THE TASK => The full listing, written out exactly and without images, is the expected result.

MATERIAL PROVIDED =>
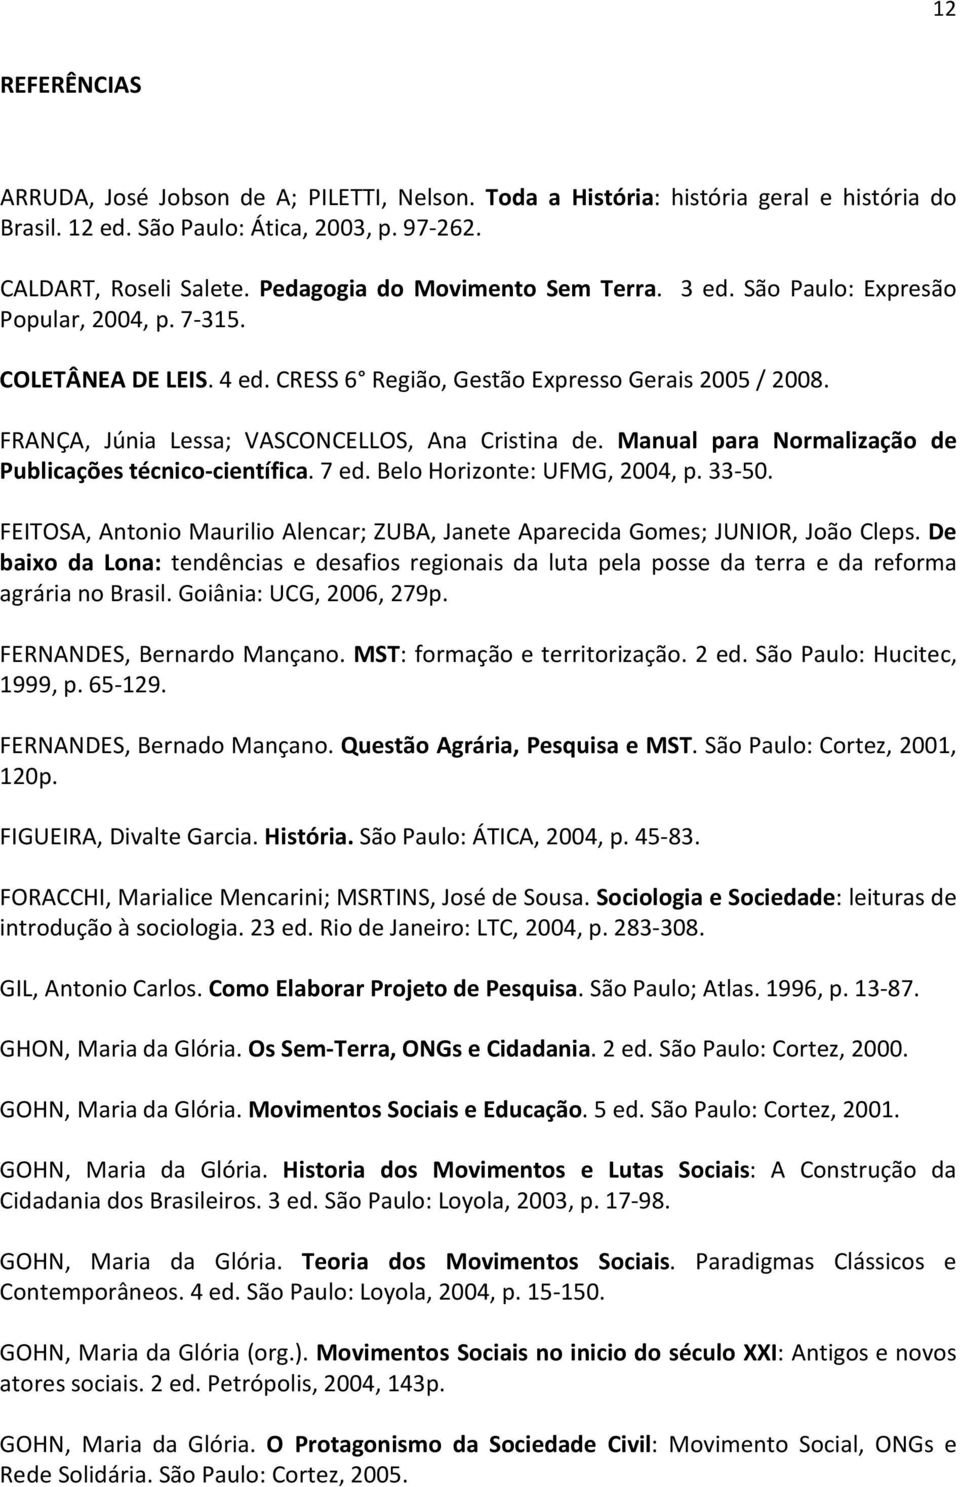 FRANÇA, Júnia Lessa; VASCONCELLOS, Ana Cristina de. Manual para Normalização de Publicações técnico-científica. 7 ed. Belo Horizonte: UFMG, 2004, p. 33-50.
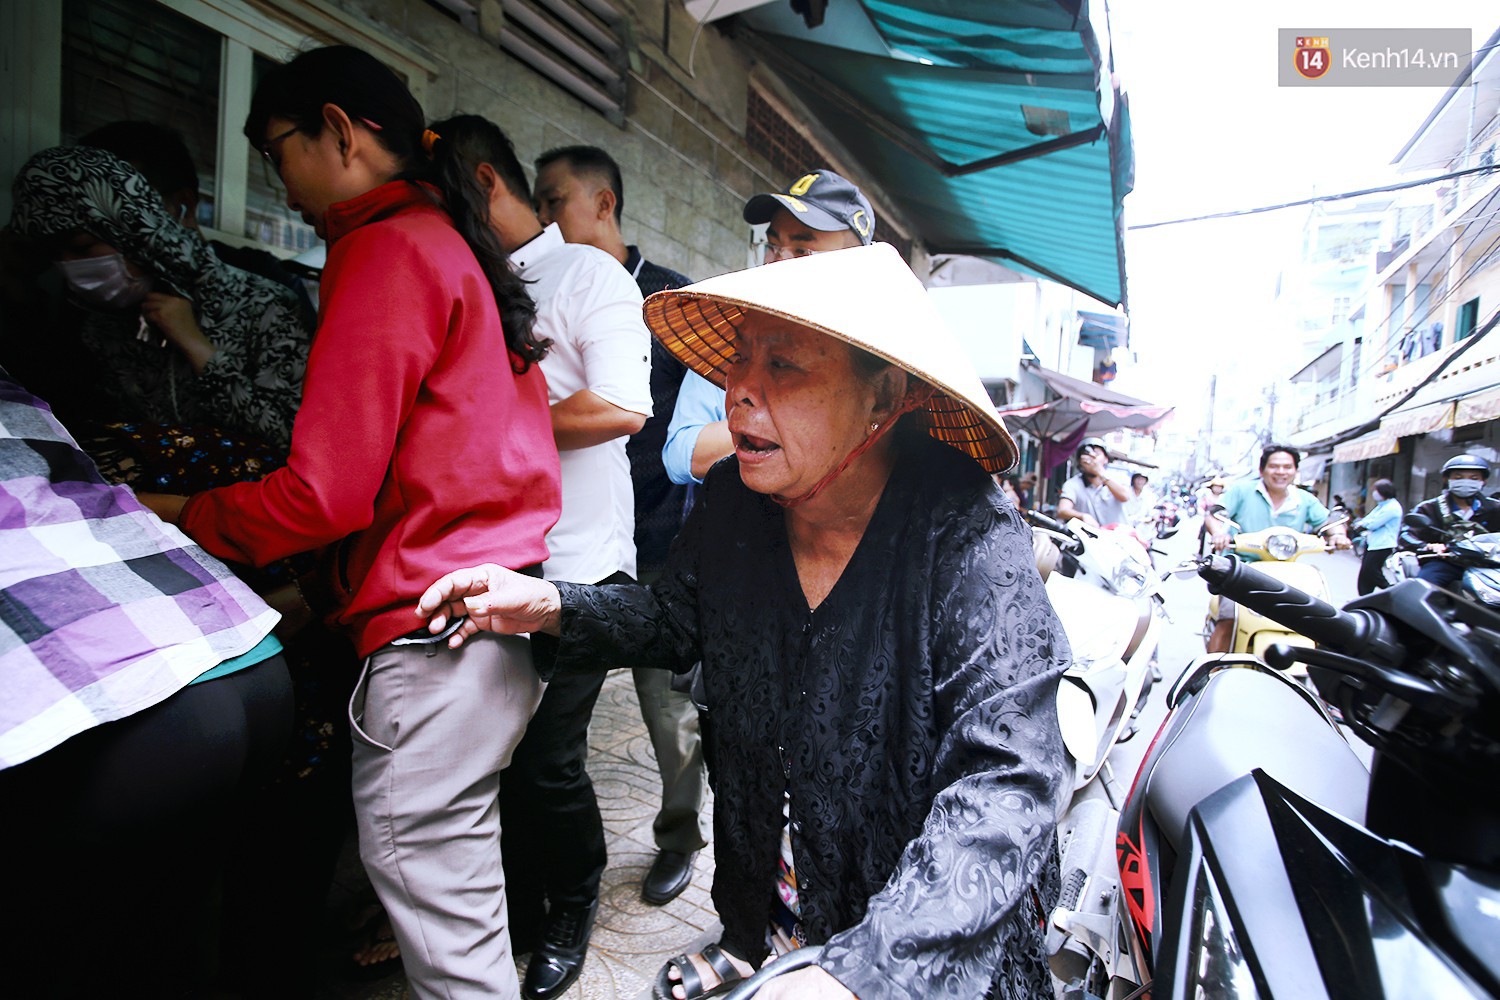 Cận cảnh người Sài Gòn chờ hàng giờ đồng hồ, tranh mua mâm cua dì Ba chỉ bán 10 phút là hết sạch - Ảnh 7.
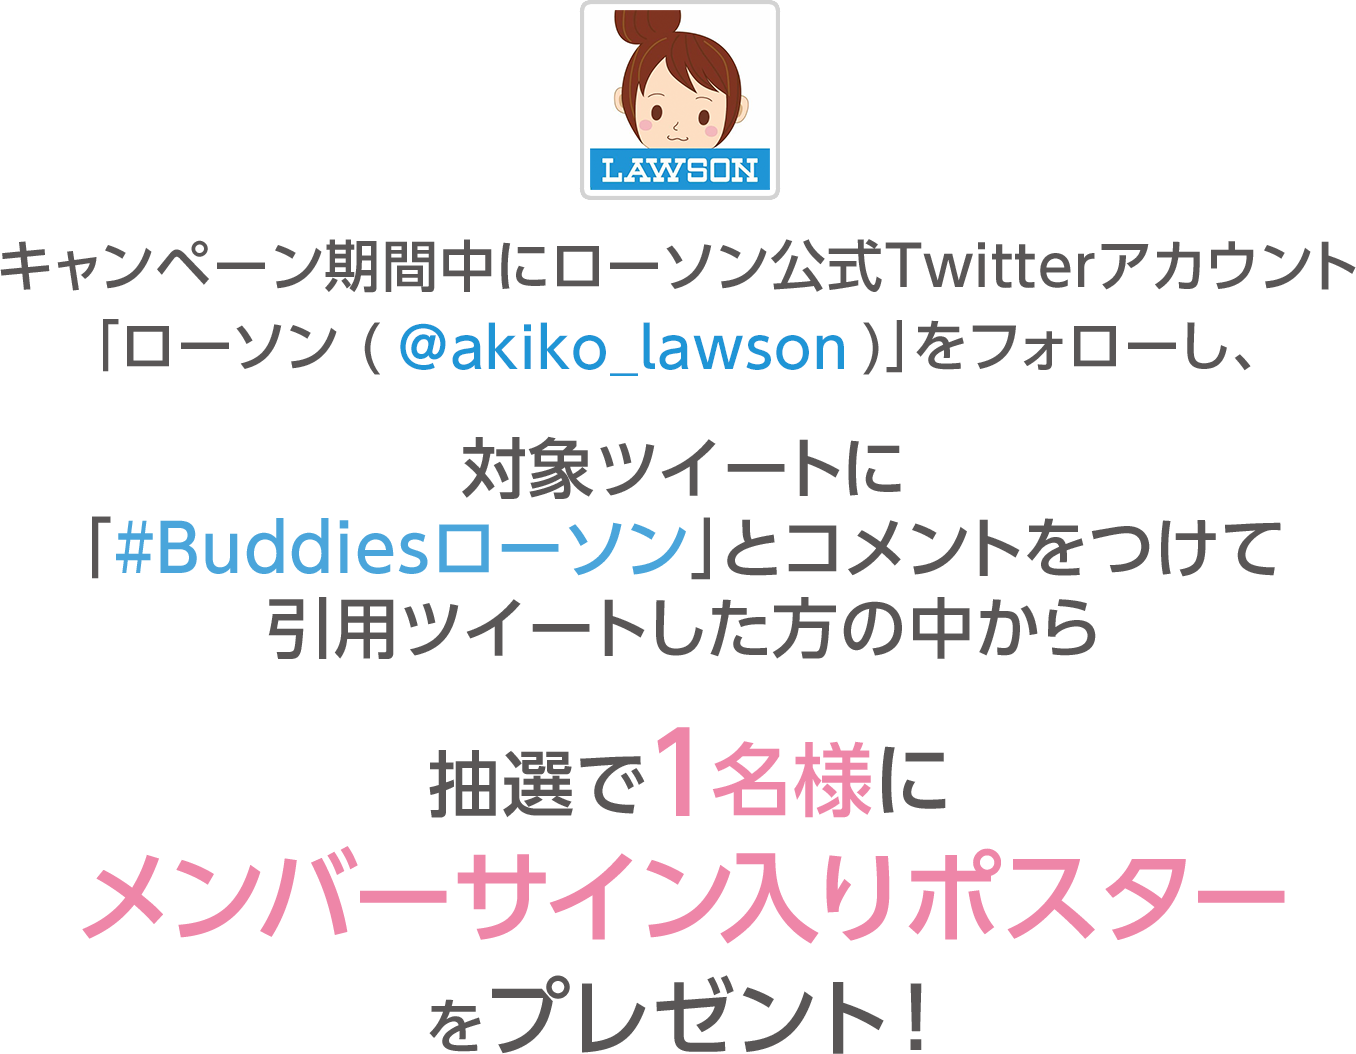 キャンペーン期間中にローソン公式Twitterアカウント「ローソン (@akiko_lawson)」をフォローし、対象ツイートに「#Buddiesローソン」とコメントをつけて引用ツイートした方の中から抽選で1名様にメンバーサイン入りポスターをプレゼント！

ANSWER TO THE PROBLEM =>
 FRANÇA, Júnia Lessa; VASCONCELLOS, Ana Cristina de. Manual para Normalização de Publicações técnico-científica. 7 ed. Belo Horizonte: UFMG, 2004, p. 33-50.
 Cận cảnh người Sài Gòn chờ hàng giờ đồng hồ, tranh mua mâm cua dì Ba chỉ bán 10 phút là hết sạch - Ảnh 7.
 キャンペーン期間中にローソン公式Twitterアカウント「ローソン (@akiko_lawson)」をフォローし、対象ツイートに「#Buddiesローソン」とコメントをつけて引用ツイートした方の中から抽選で1名様にメンバーサイン入りポスターをプレゼント！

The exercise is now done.